Nel 1848 presenta diversi studi di alberi e una Campagna romana con ruderi di architettura grazie alla quale vince la medaglia d’oro. Il dipinto dimostra come Vincenzo Franceschini rimanga fedele alla tradizione luministica del maestro e alla pratica anti-accademica di dipingere dal vero.

L’influenza di Smargiassi

Nonostante la forte influenza pitloiana non si possono non evidenziare alcuni tratti comuni con Gabriele Smargiassi (1798-1882). Essi emergono soprattutto nel riferimento a modelli più tradizionali e classici del paesaggio hackertiano, come si può notare dal Paesaggio con ponte del 1855.

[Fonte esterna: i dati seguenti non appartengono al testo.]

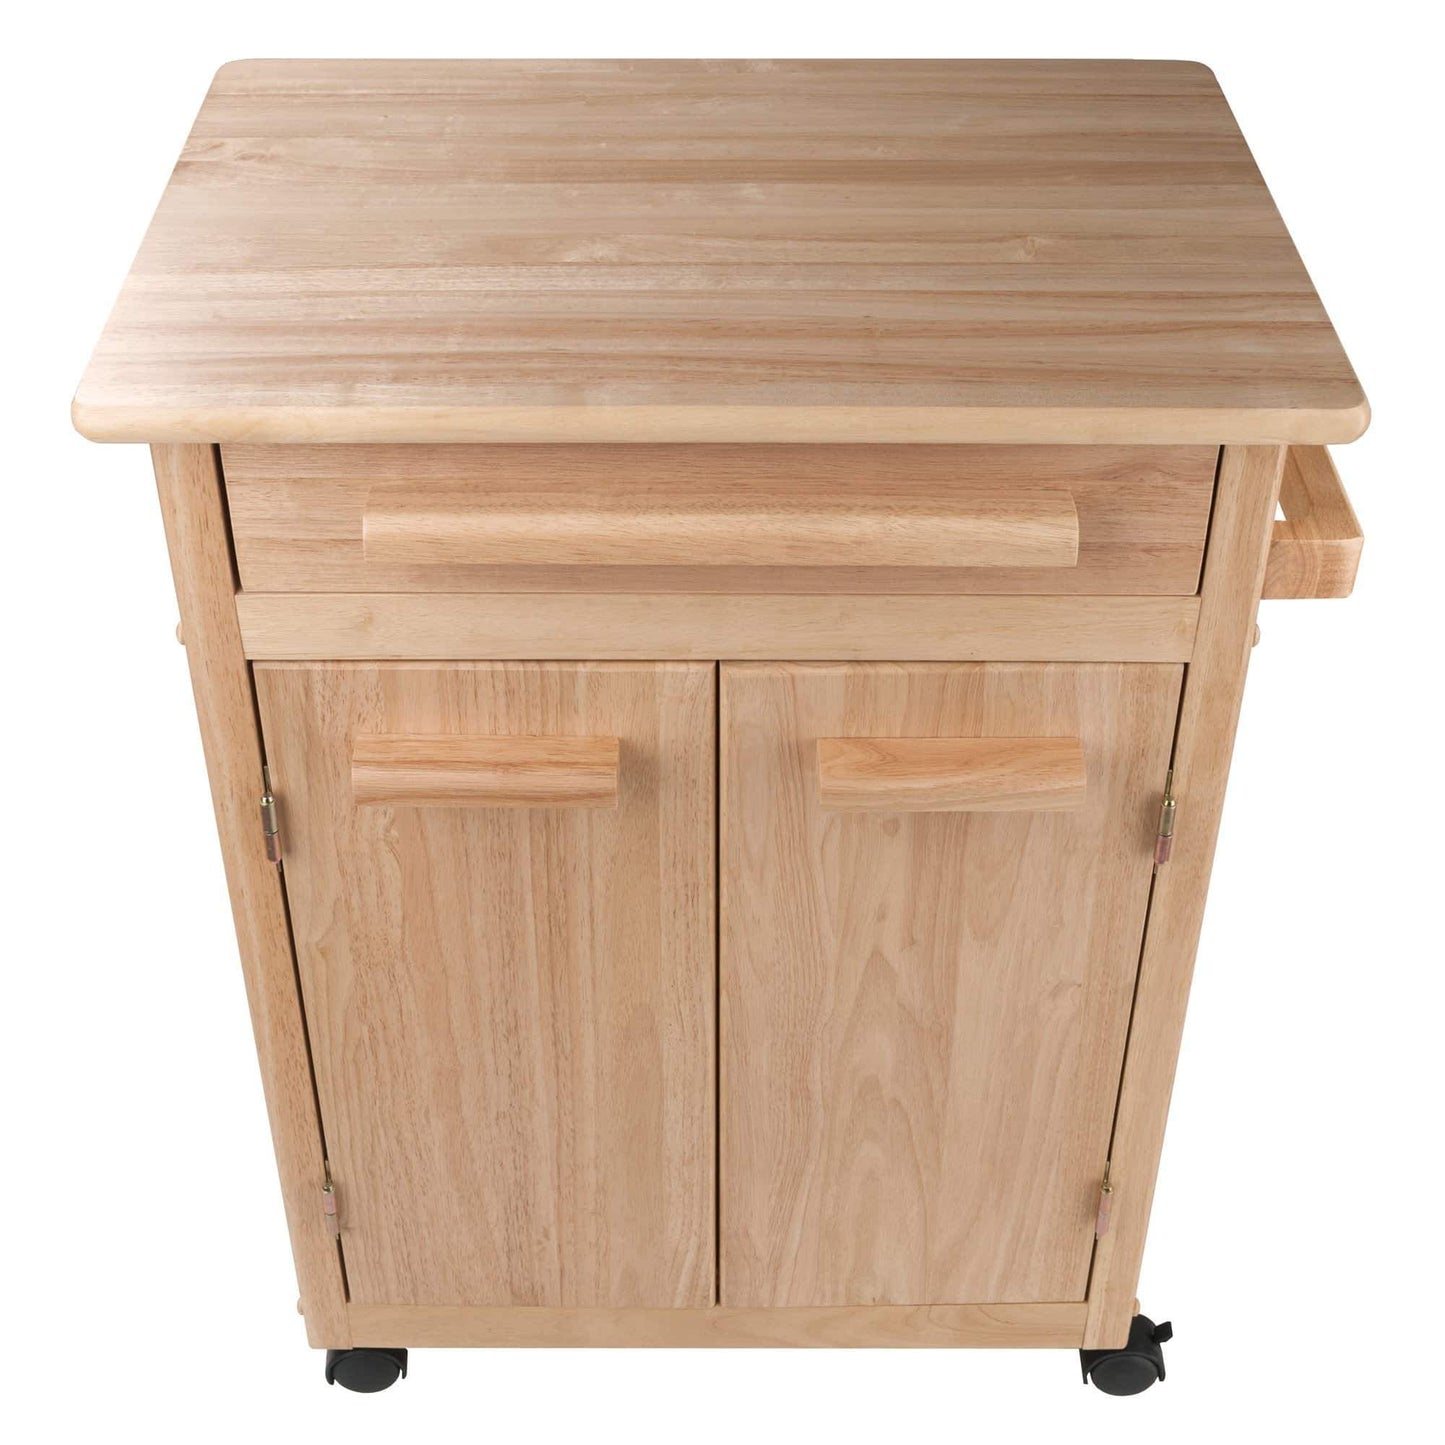 Discover winsome wood single drawer kitchen cabinet storage cart natural

Da alcune composizioni che ritraggono le rovine pompeiane di cui ci parla Napier, si rilevano solidi richiami alla pittura di Smargiassi. Basta far caso alla creazione di diversi piani paralleli nella costruzione prospettica della veduta.

I paesaggi istoriati

Anche nell’introduzione  di scene di matrice storico religiosa all’interno dei paesaggi, si può trovare la vicinanza al pittore abruzzese. Leone di Bisanzio guidato dalla maga Melissa, presentato alla Biennale borbonica del 1855 e l’Ariosto, presentato all’Esposizione di Firenze del 1861 sono paesaggi naturalistici istoriati.
Anche il dipinto religioso Cristo tentato nel deserto del 1859 è legato alla stessa formula dei precedenti.

Questo gruppo di opere ottiene un grande successo, nonostante siano gli anni della malattia mentale dell’autore. Sono quasi tutti conservati presso il Museo di San Martino di Napoli. Si tratta di una decina di dipinti ricordati anche da Di Giacomo, Il temporale, La solfatara, Le bagnanti, Il biancospino, Paesaggio con armenti e Sorrento.

Quest’ultimo dipinto è conservato nella Pinacoteca Comunale Bindi di Giulianova dove sono confluite gran parte delle opere appartenenti alla collezione di Gonsalvo Carelli (1818-1900). Quest’ultimo, un altro rappresentante della Scuola di Posillipo, la cui figlia ha sposato all’inizio del Novecento il giurista giuliese Bindi.

Ebbene, il mecenate di Carelli il banchiere Meuricoffre aveva acquistato un bellissimo dipinto di Vincenzo Franceschini – forse Sorrento – poi entrato nella collezione di Carelli. Quindi inserito in quella comunale di Giulianova in Abruzzo.